About this exercise
Pictures excluded, set down exactly the lines from the one containing "Carl the Investigator website" through the final line of the material, and only those.
#### The data
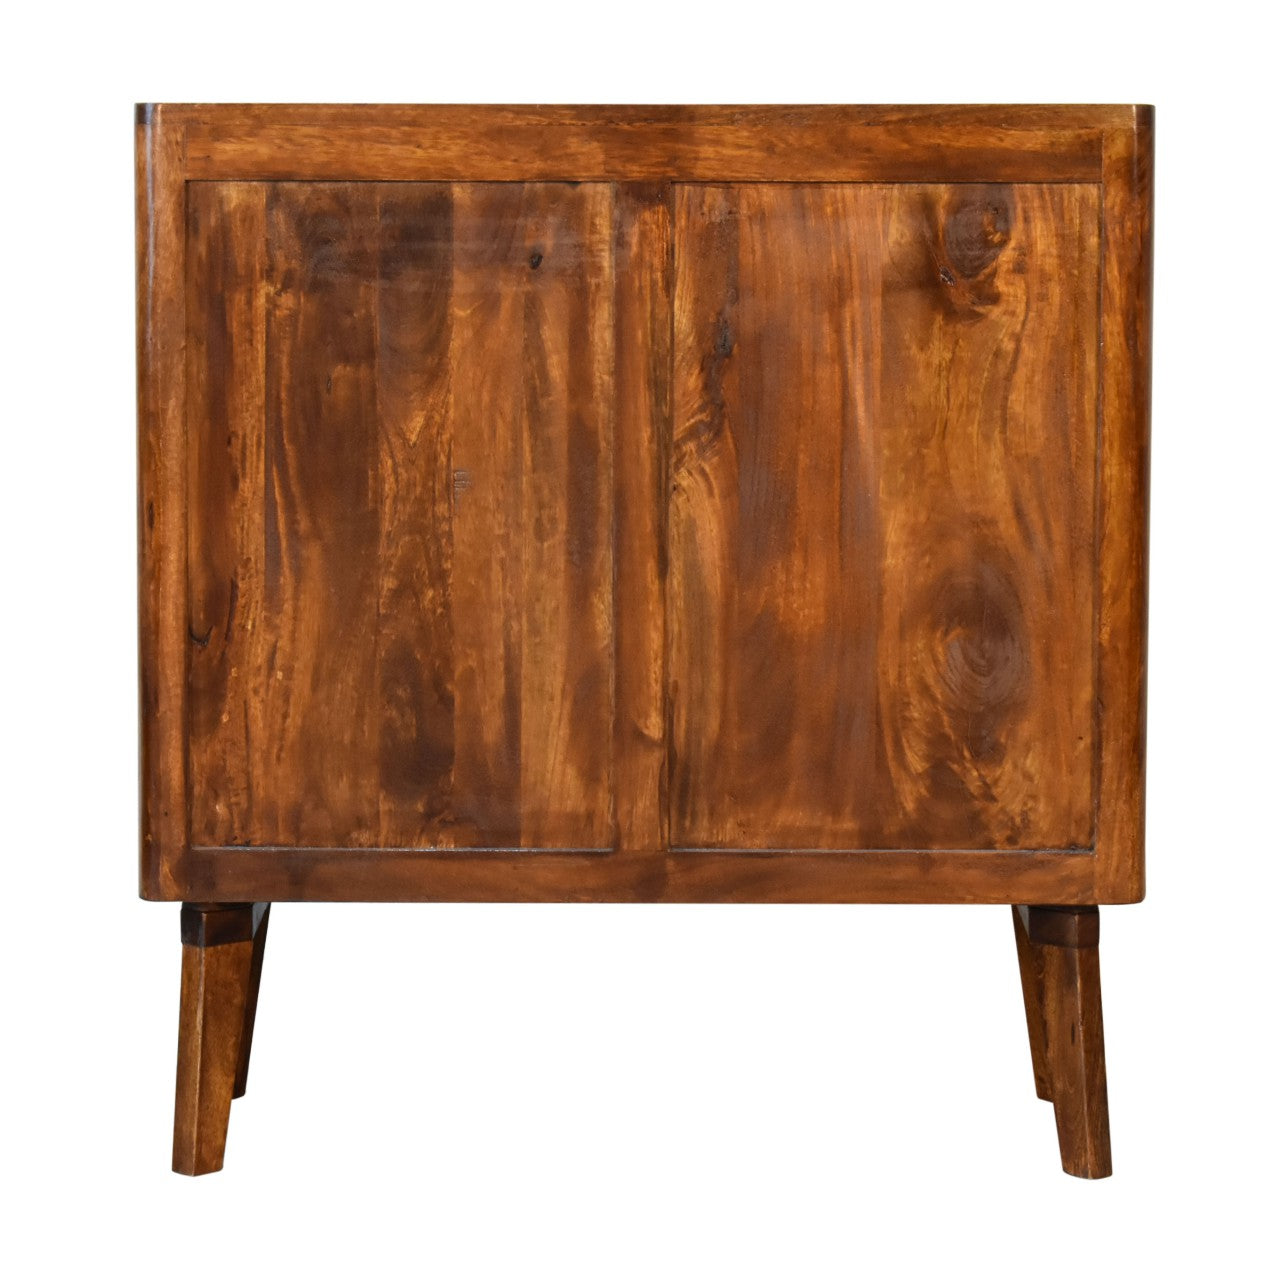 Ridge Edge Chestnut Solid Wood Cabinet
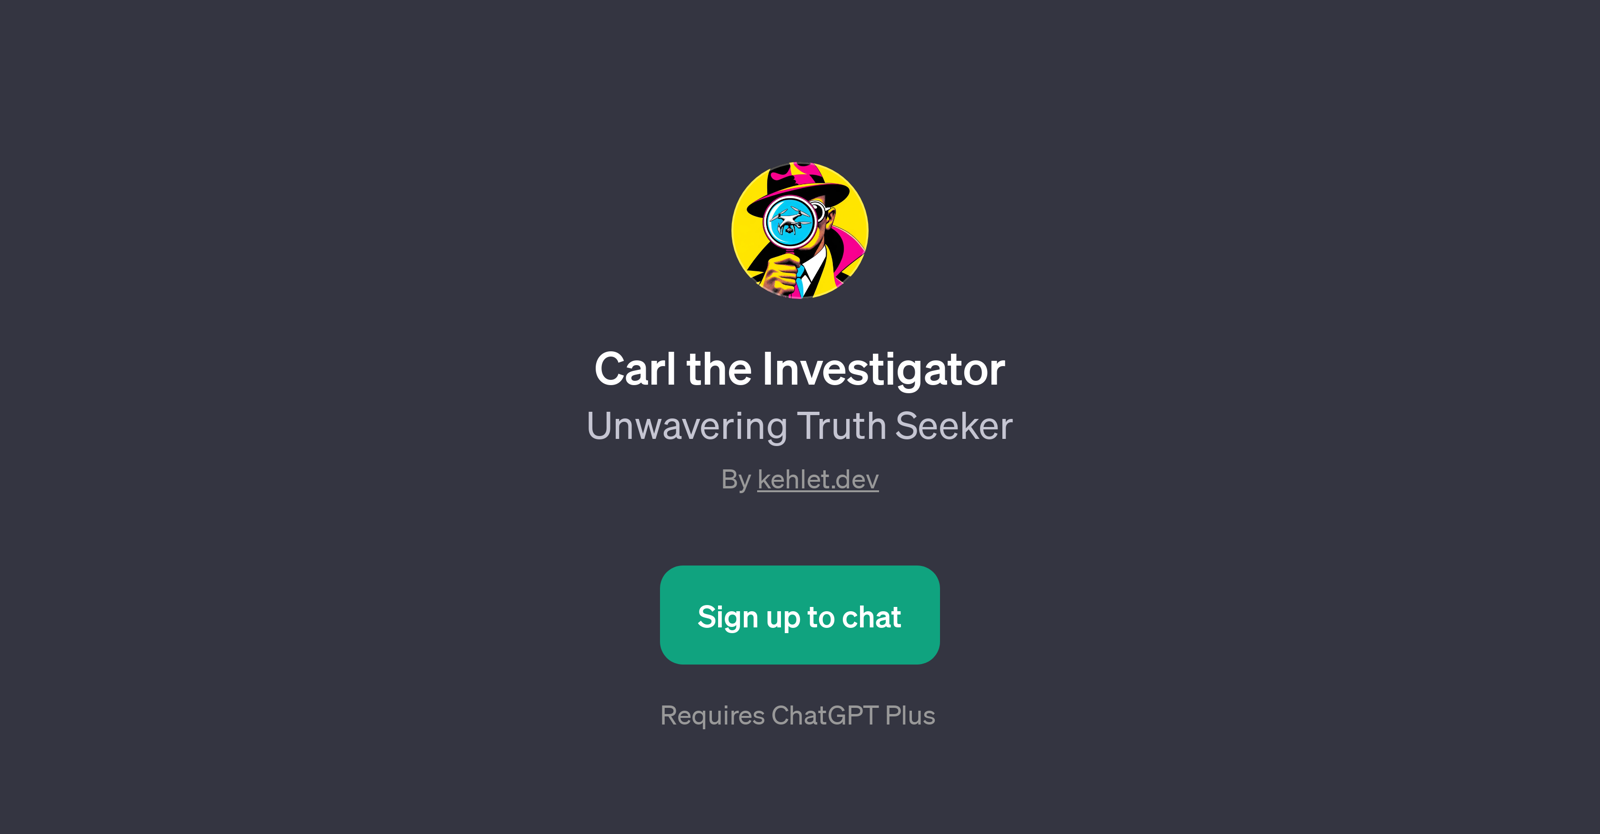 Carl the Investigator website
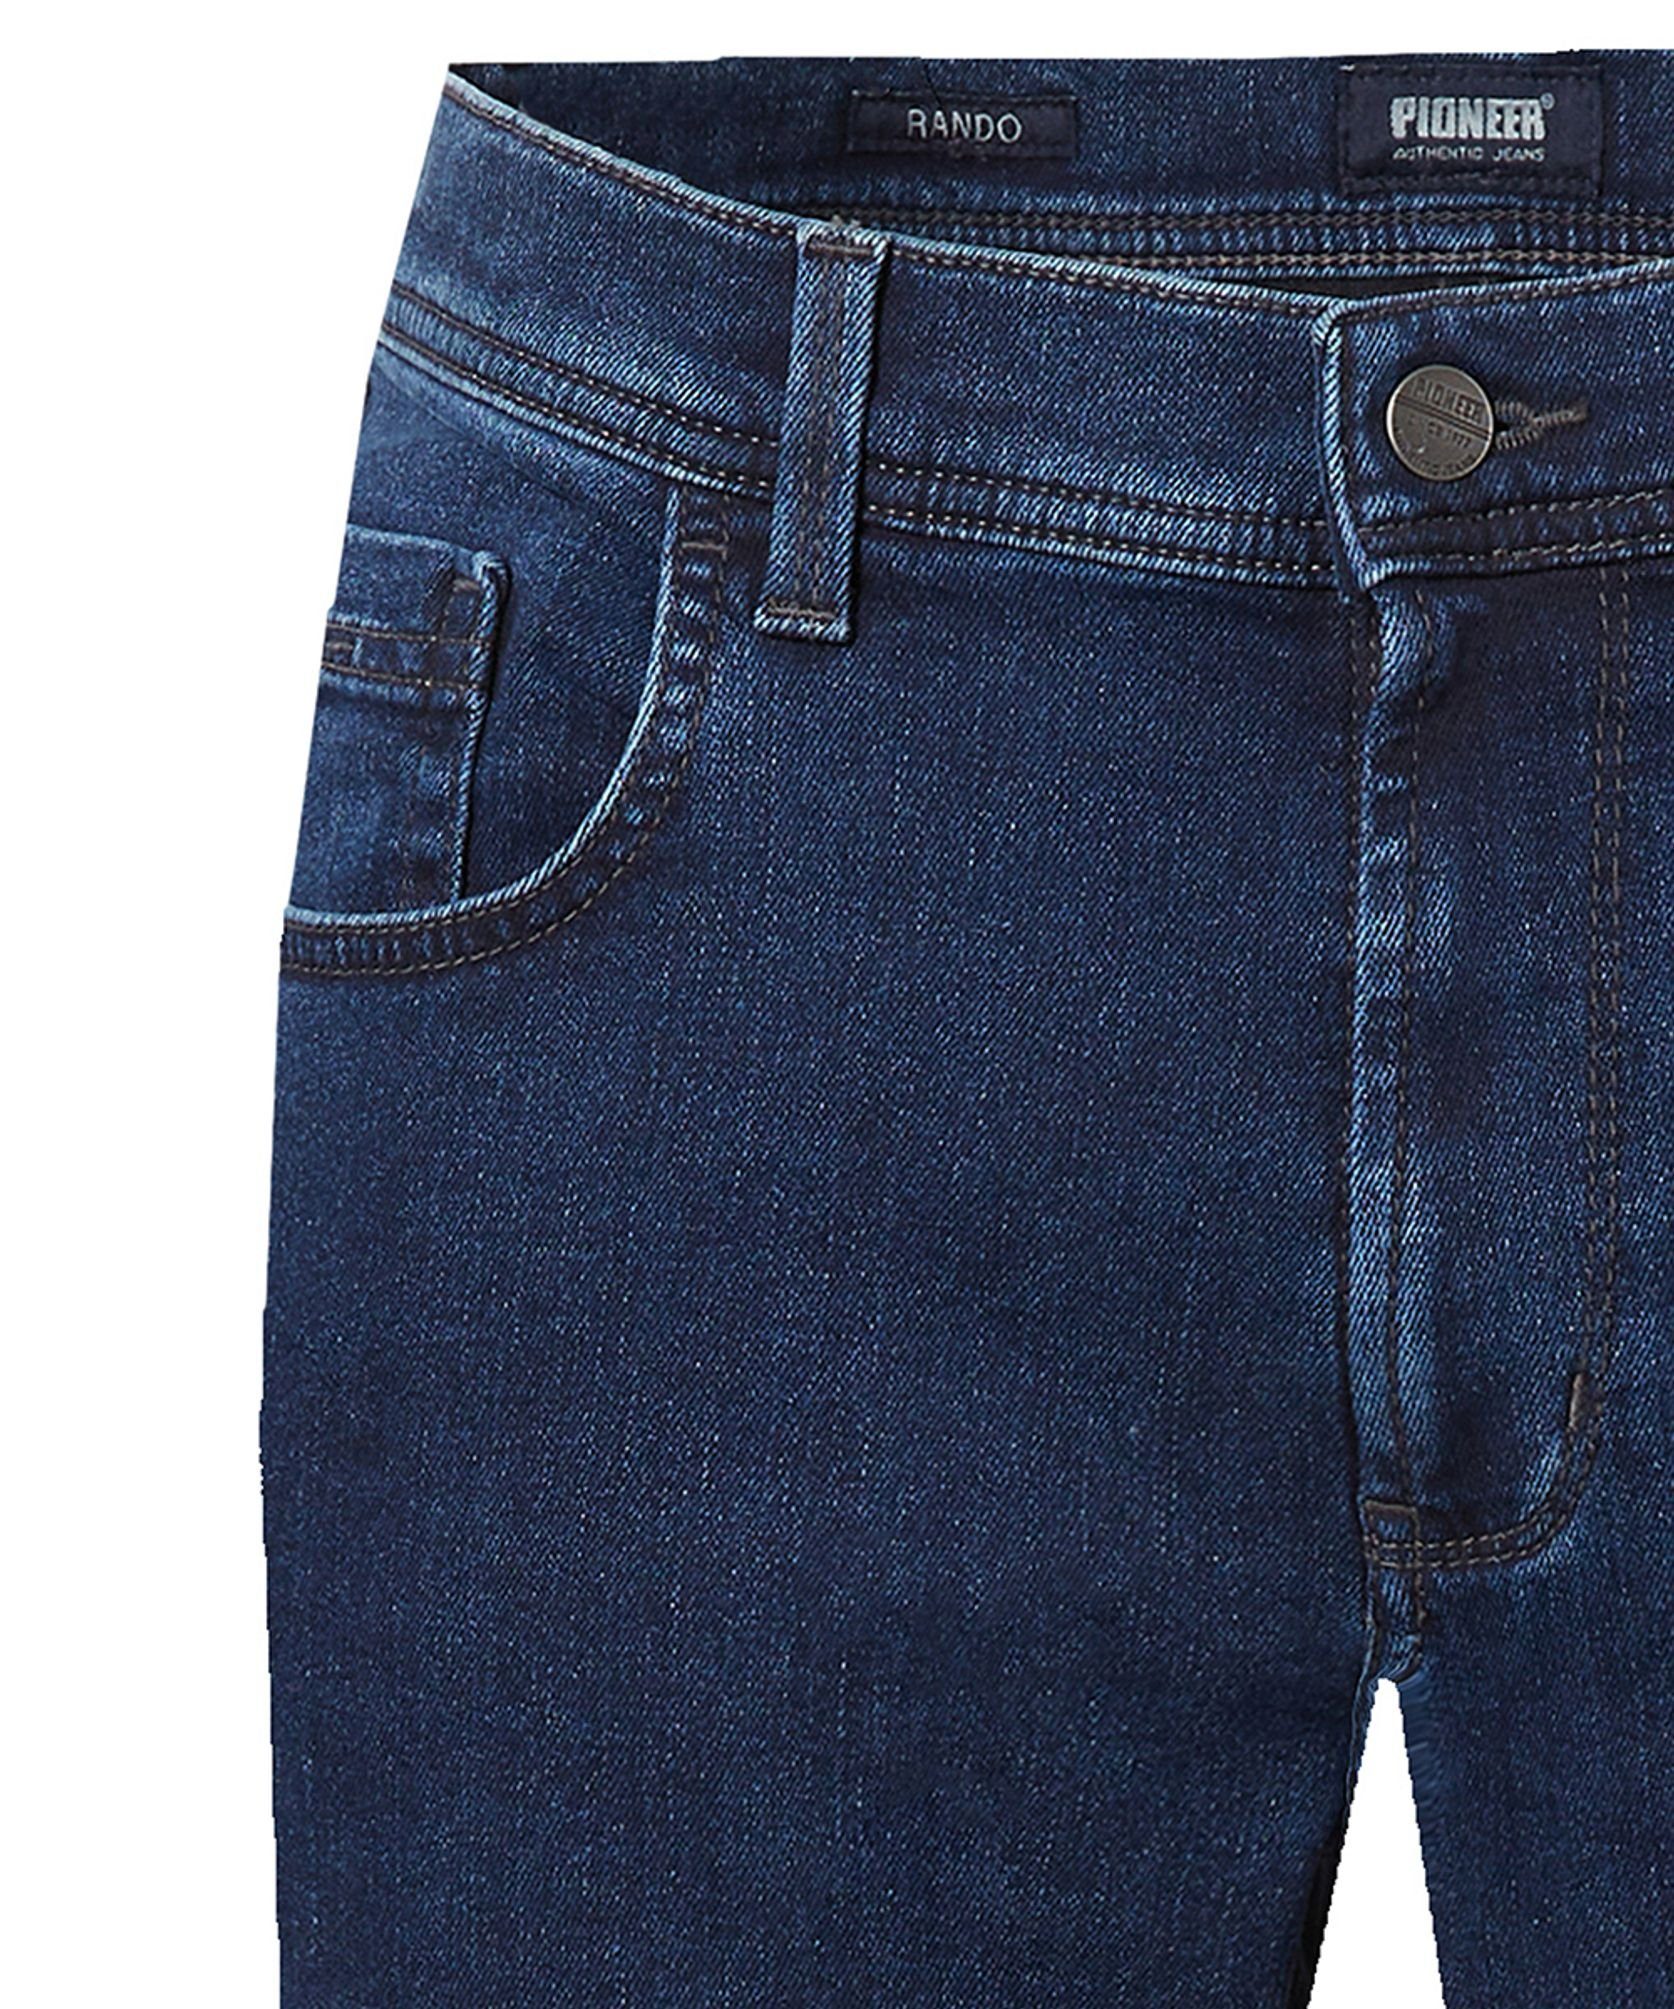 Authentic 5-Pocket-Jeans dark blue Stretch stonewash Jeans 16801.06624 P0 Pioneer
########
Expected answer
 Carl the Investigator website
 Authentic 5-Pocket-Jeans dark blue Stretch stonewash Jeans 16801.06624 P0 Pioneer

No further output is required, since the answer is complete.